I'm the same way. I find cloning almost meditative, and I don't mind
spending a few minutes getting rid of those little spots here and there.
I don't see many with the Polaroid scanner. With the Minolta, it does
become a bit of a hassle, because they are everywhere.
> I can't see any rings over the building to the right of the tower. There
> are large blemishes about, but I took these to be JPEG artifacting in lieu
> of any more information to go on.
I'm pretty sure I'm seeing Newton ring interference there. But you are
correct that the jpeging can cause odd posterization that looks like
Newton rings sometimes.
> I like both of the pictures Anthony has shown us. I find their composition
> to be solid and the rendering looks professional, as far as these things
> go. But then I'm into that "art" I mentioned, just good pictures. Both of
> these want to tell stories in their own ways, and I like that.

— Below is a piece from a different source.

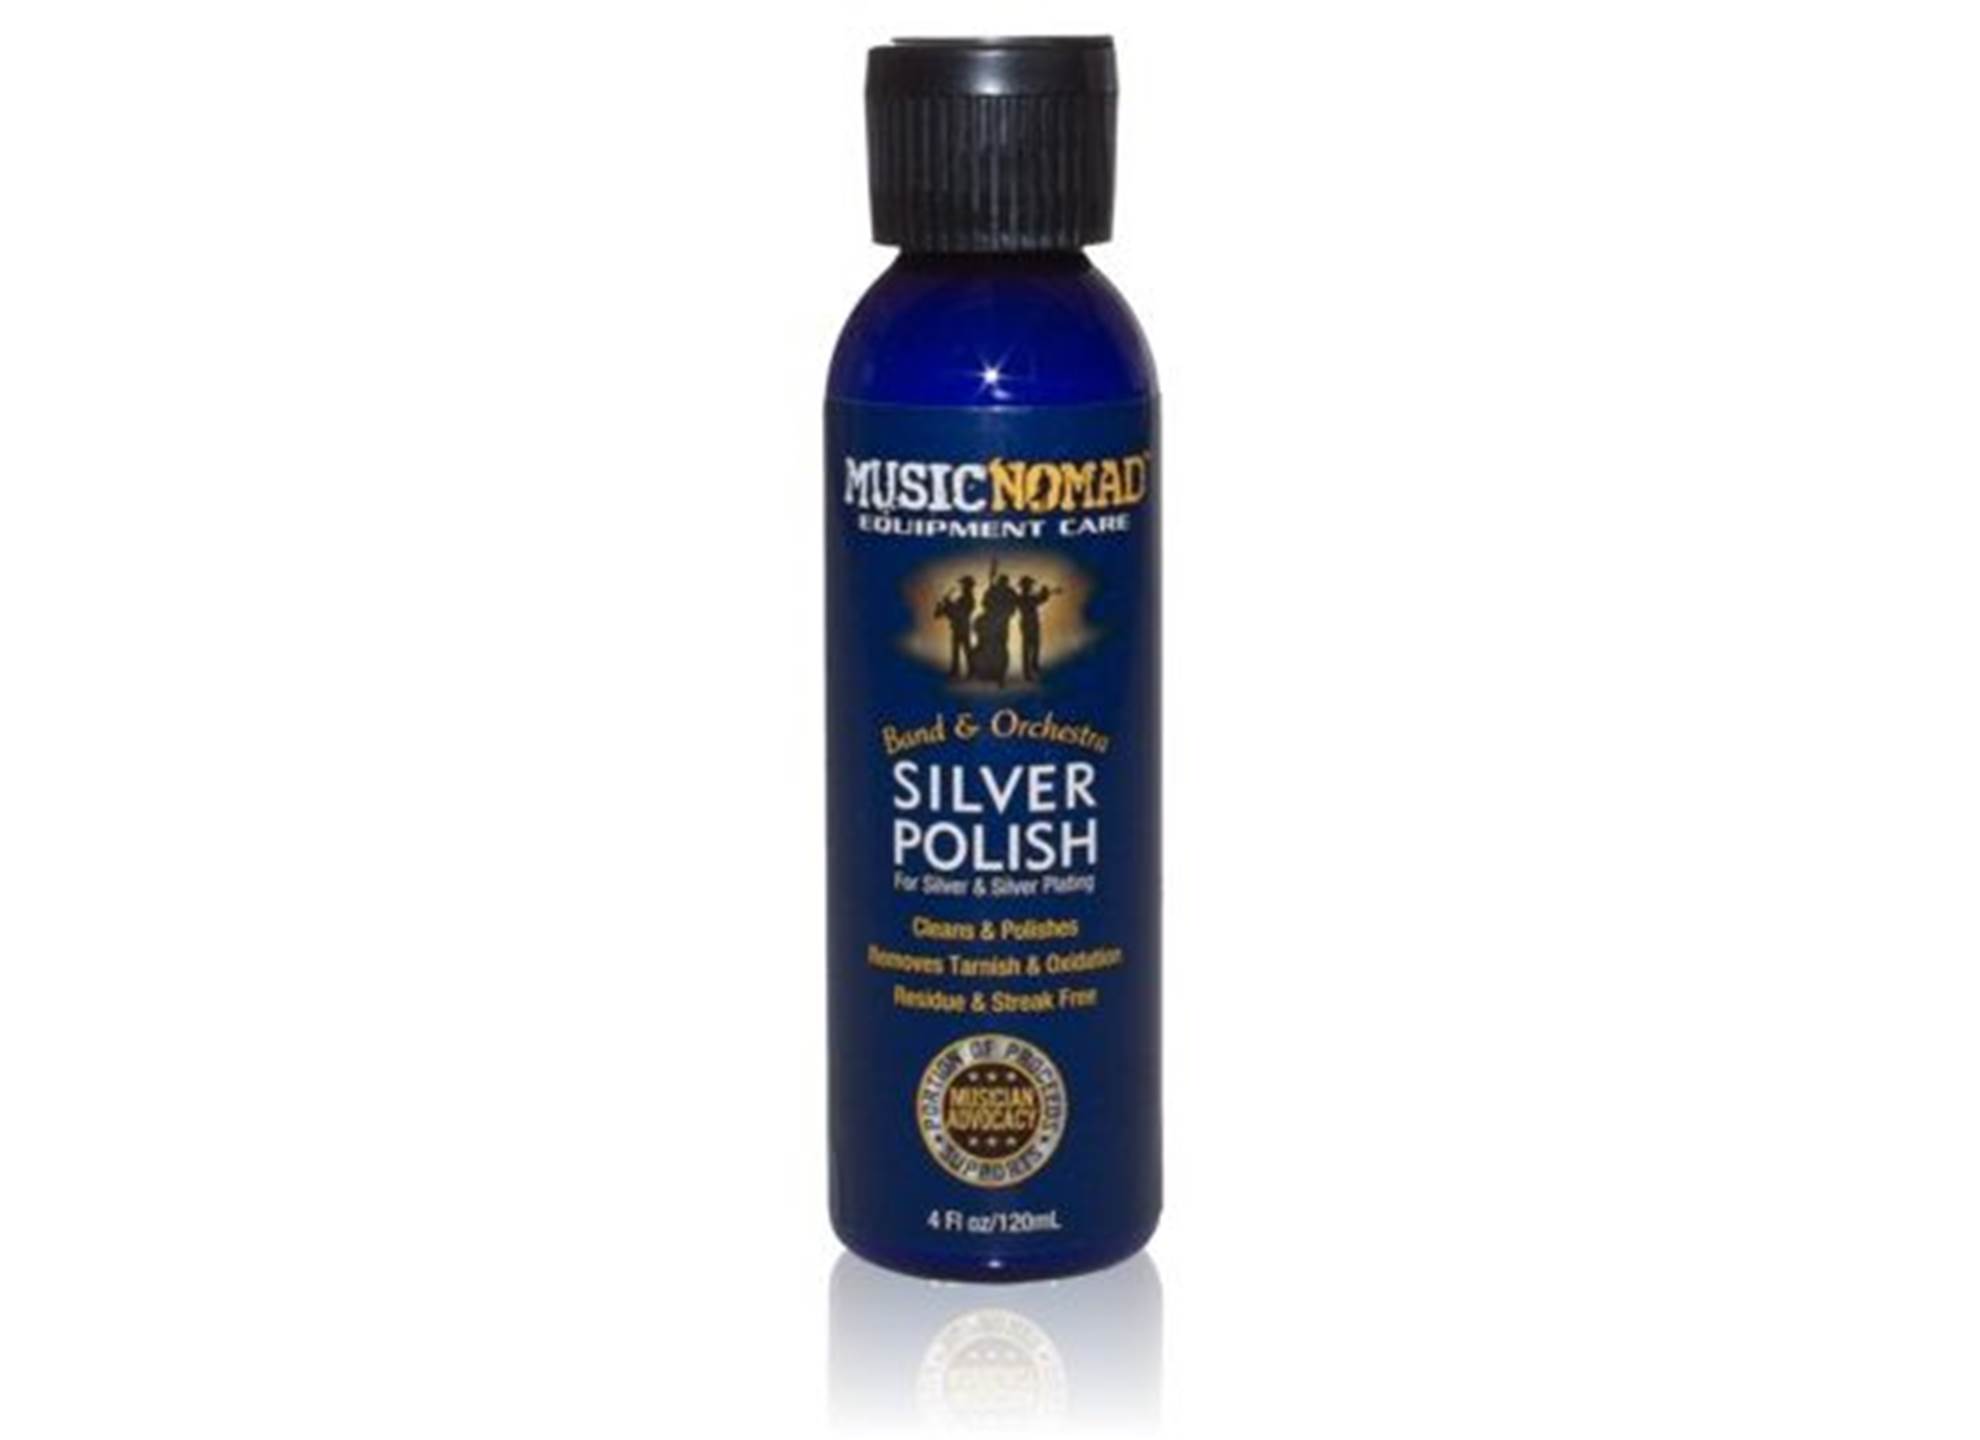 Silver Polish for Silver and Silver Plating
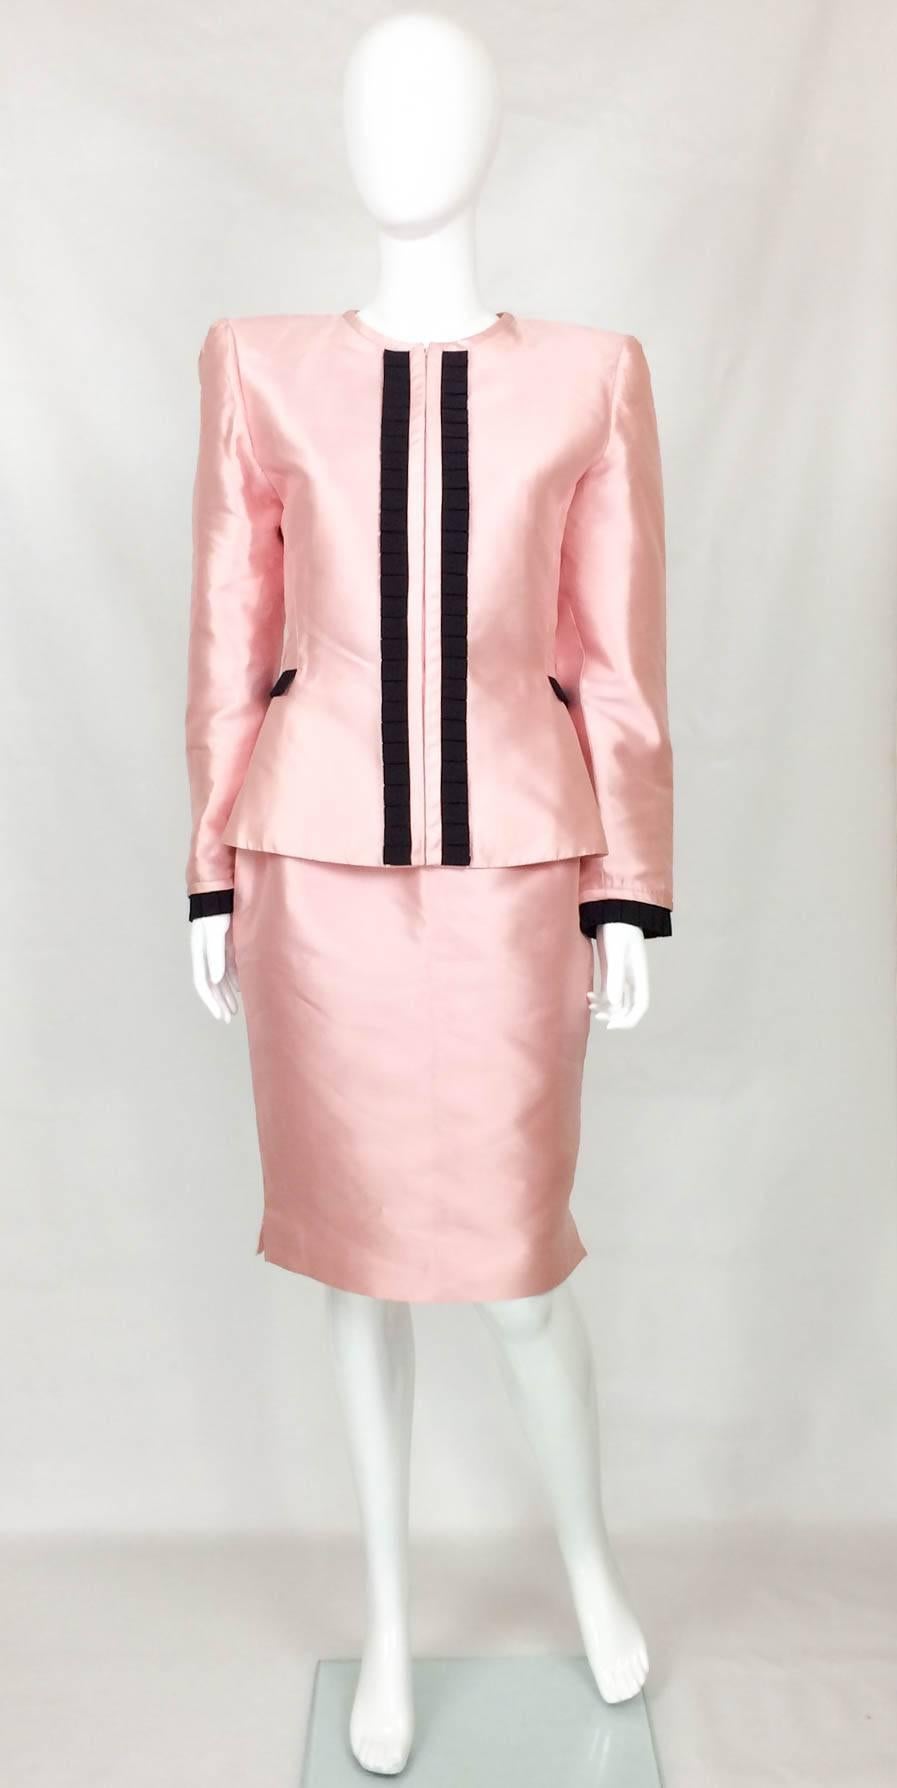 Elegant Valentino Silk Skirt Suit. This gorgeous ensemble in pastel pink pure silk features a black pleat trimming detail down the front, on the cuffs and across the waist on the back. The jacket has a defined waist, invisible zipper down the front

OK, now you have to go and spoil it, and talk about the images in terms
of how you respond to them emotionally. Humph! That just doesn't
belong in this list at all! ;-) ;-)
Actually, personally, As nice as these wallpaper images are, I prefer
Anthony's B&W "misc", particularly his street images. I found Paris was
amazing for street photography. I have some very unusual images I took
around the G. Pompidou (Sorry, if that's misspelled) Centre.
Unfortunately, at the time I was working with medium high speed Fuji
negative color film and the grain is the size of ping-pong balls on
many. That area attracts the strangest mix of artists and "odd people"
(not necessarily one in the same)... I think if I lived in Paris, I
would be shooting tons of B&W street scenes.